The Top 50 Films of 2014

Best-movies-lead

2014 was an outstanding year for cinema. From the blockbusters to the little indies, there were some truly exceptional films. I saw as many as I could, but you can’t see everything, and there were a number of movies that I’m sure could have made their way onto this list. Alas, I can only rank what I’ve seen. Here are the films I have yet to watch, followed by the 50 best I saw from this past year.

Didn’t see – The Homesman, Mr. Turner, Two days One Night, Listen Up Phillip, Leviathan, Hector and the Search for Happiness, Kill the Messenger, The Trip to Italy, Laggies, Rudderless, 20,000 Days on Earth, How to Train Your Dragon 2, Get On Up, A Girl Walks Home Alone at Night, Wild Tales, Finding Vivian Maier, The Kingdom of Dreams and Madness, Predestination.

50.) We Are the Best! – Set in 1982 Stockholm during the rise of disco and the death of punk, We Are the Best! emphatically looks at generational gaps. Three young girls, only one of whom knows how to play an instrument, start their own band to rebel, and come together, during the part of adolescence where identity is crucial. It’s funny, insightful, and as riotous as the bands eschewing the mainstream.

49.) Love Is Strange – John Lithgow and Alfred Molina play seasoned lovers forced to move from their longtime apartment. While bits can be extraneous, Love Is Strange offers something important for viewers of all sexual orientations. Love can always work, but you have to be willing to put in the effort. The tremendous acting appeals to all of your emotions.

48.) The Imitation Game – As ordinary as a biographical film can be, The Imitation Game succeeds solely because of two tremendous pieces of acting from Benedict Cumberbatch and Kiera Knightley. It’s clichéd, at times even forgettable, but the fine British actors save the day. Their performances are nuanced and elevate an otherwise benign, average movie.

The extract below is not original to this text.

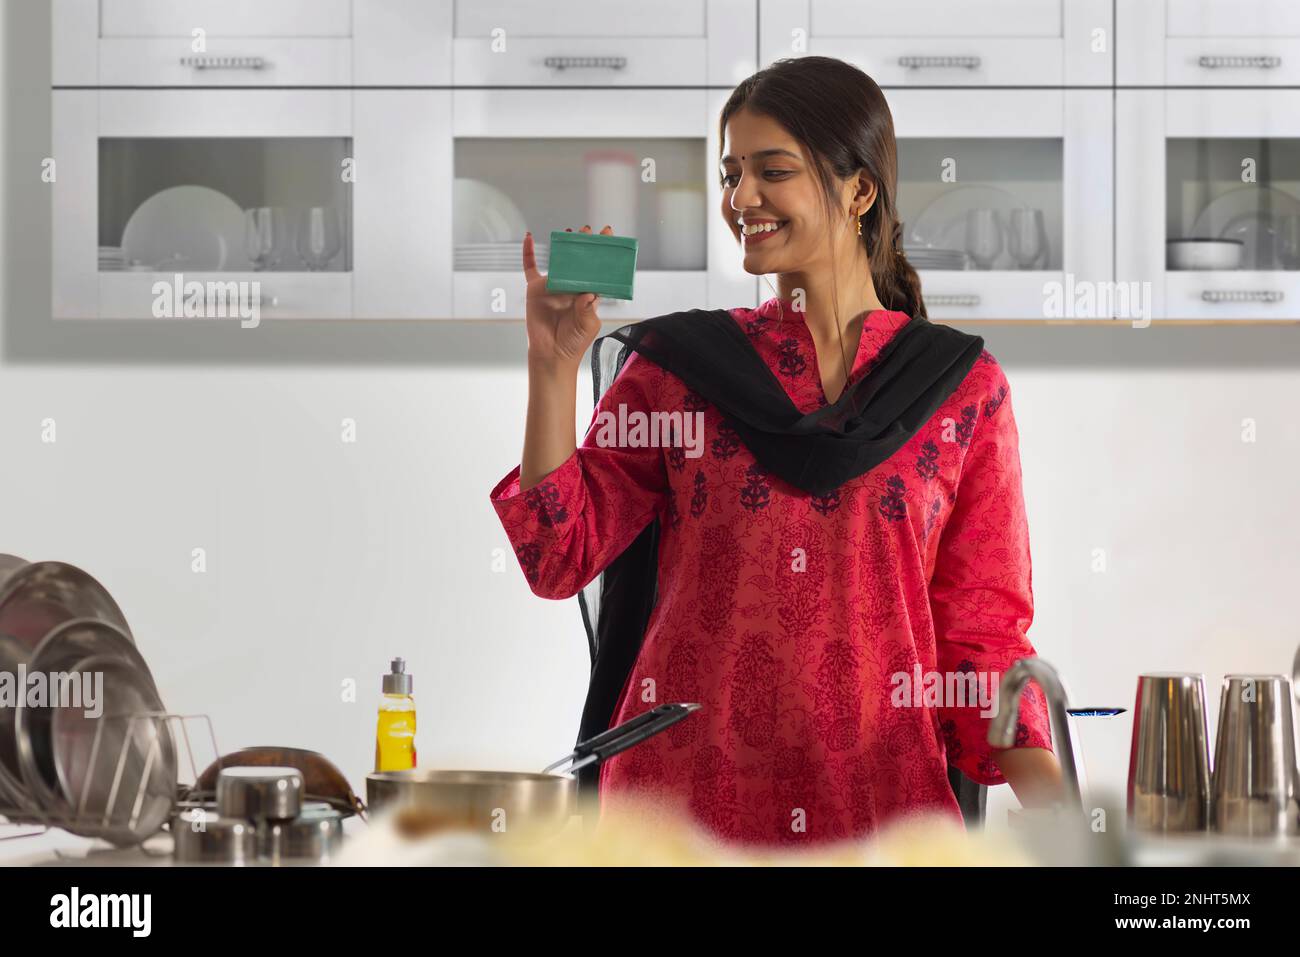 Cheerful woman holding dish wash bar in kitchen Stock Photo

47.) The Congress – Easily the wildest, trippiest ride I had watching a movie this year, The Congress is a blend of live action and transitions into beautiful animation. Robin Wright plays herself, an aging actress who is scanned into a computer, her likeness to be used as a forever young leading lady. It’s Hunter S. Thompson level out there, but it’s also deeply emotional and paints a dubious, colorful picture of Hollywood’s unattainable standards.

46.) Young Ones – Bolstered by a tremendous cast, Young Ones is the sci-fi western nobody asked for but we all needed. The narrative is scattered, yet underneath is a visually stunning film. It’s entirely original in its depiction of the not so distant future and grounds itself in the dog eat dog, profiteering, Machiavellian commercialism we’re surrounded by today.

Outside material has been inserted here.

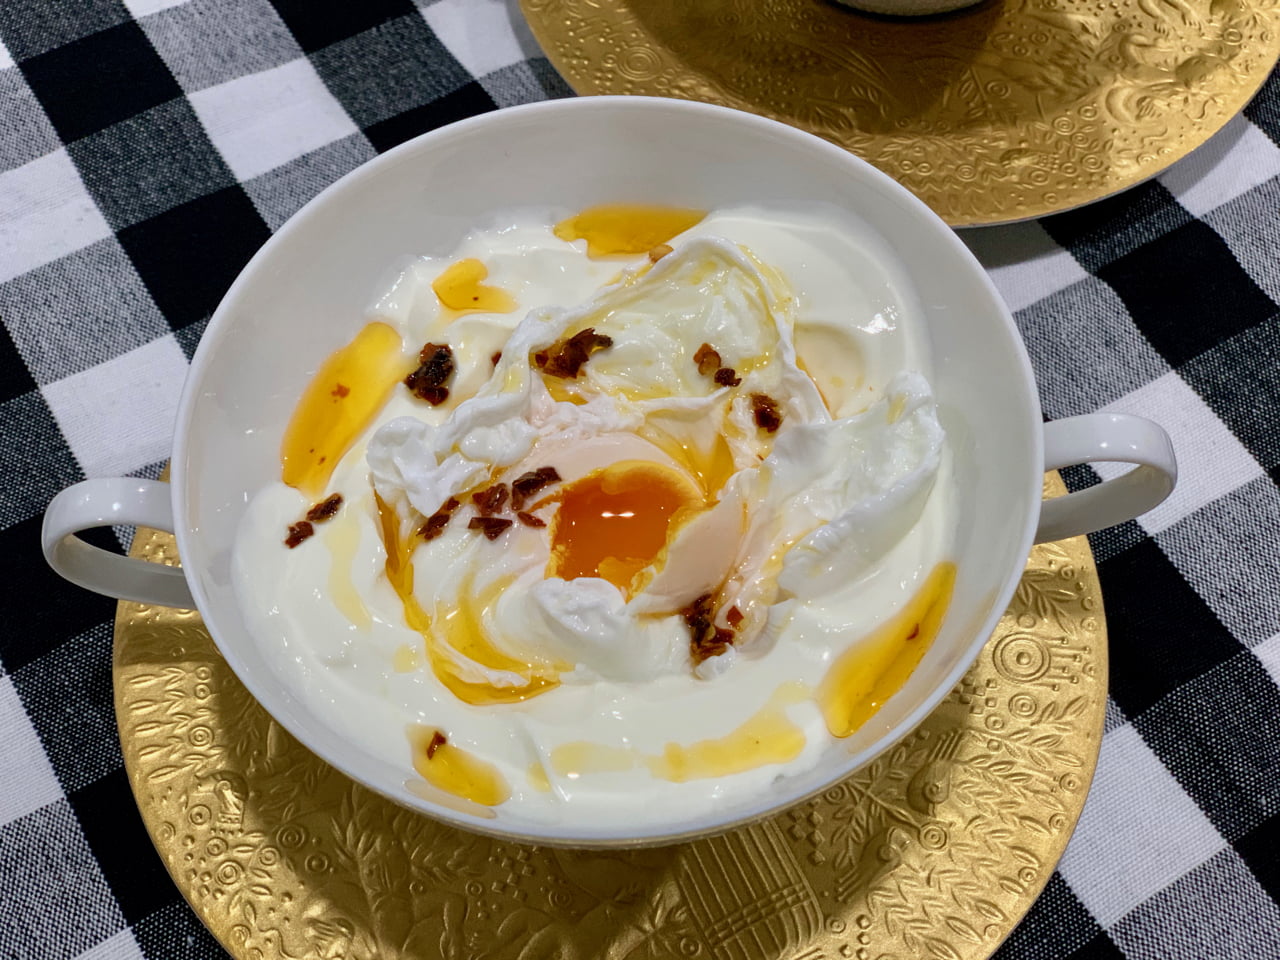 Cilbir - Perfectly Poached Turkish Eggs Over Yogurt

45.) Only Lovers Left Alive – A hilarious vampire rockudrama and the latest from the mind of Jim Jarmusch, Only Lovers Left Alive is unlike any bloodsucker movie you’ve seen. Resembling the Greek tragedy of Orpheus and Eurydice, minus the melodrama and added stakes (pun intended), this is a film that really has to be seen to be understood. Even without a definitive message behind it all, it’s a creative step forward in a genre that’s become increasingly stale and thirsty for new blood.

44.) Inherent Vice – Too incomprehensible for most filmgoers and probably a little too vain for bona fide cinephiles, Inherent Vice is a lengthy and hazy head trip. Its place on this list is deserved because of Paul Thomas Anderson’s unique capability to allow us to see and experience this cloudy story through the lens of Doc Sportello. He’s always confused, normally drugged out of his mind, and the constant befuddlement injects itself into the viewers. It’s a divisive film, but it’s incredibly well-made.

43.) The Giver – A rare successful page to screen adaptation, The Giver stood out to me because of its gorgeous visuals. The story, as depicted here, is a lot cheesier than the book. But almost like something out of the Planet Earth series, best viewed on the largest, brightest screen possible, it’s lavishly poetic. It’s a journey of hope, and by the time it ends, I’ll bet you feel the vibrancy.

42.) Dawn of the Planet of the Apes – A vast improvement on its predecessor, this sequel pits the apes versus the humans, and although it’s temporarily postponed, the showdown is inevitable. The amazing CGI creates a realistic palette for the civil war that follows. A sharp, anthropological look not just on the origin of species, but also the extinction, Dawn of the Planet of the Apes is a blockbuster with brains.

41.) Still Alice – This is a one woman show with Julianne Moore pulling out all the stops on her way to the Oscar podium. That recognition is long overdue and much deserved. Still Alice is a smart, quiet, gentle film about Alzheimer’s harsh realities, all honestly realized by one of the greatest living actresses.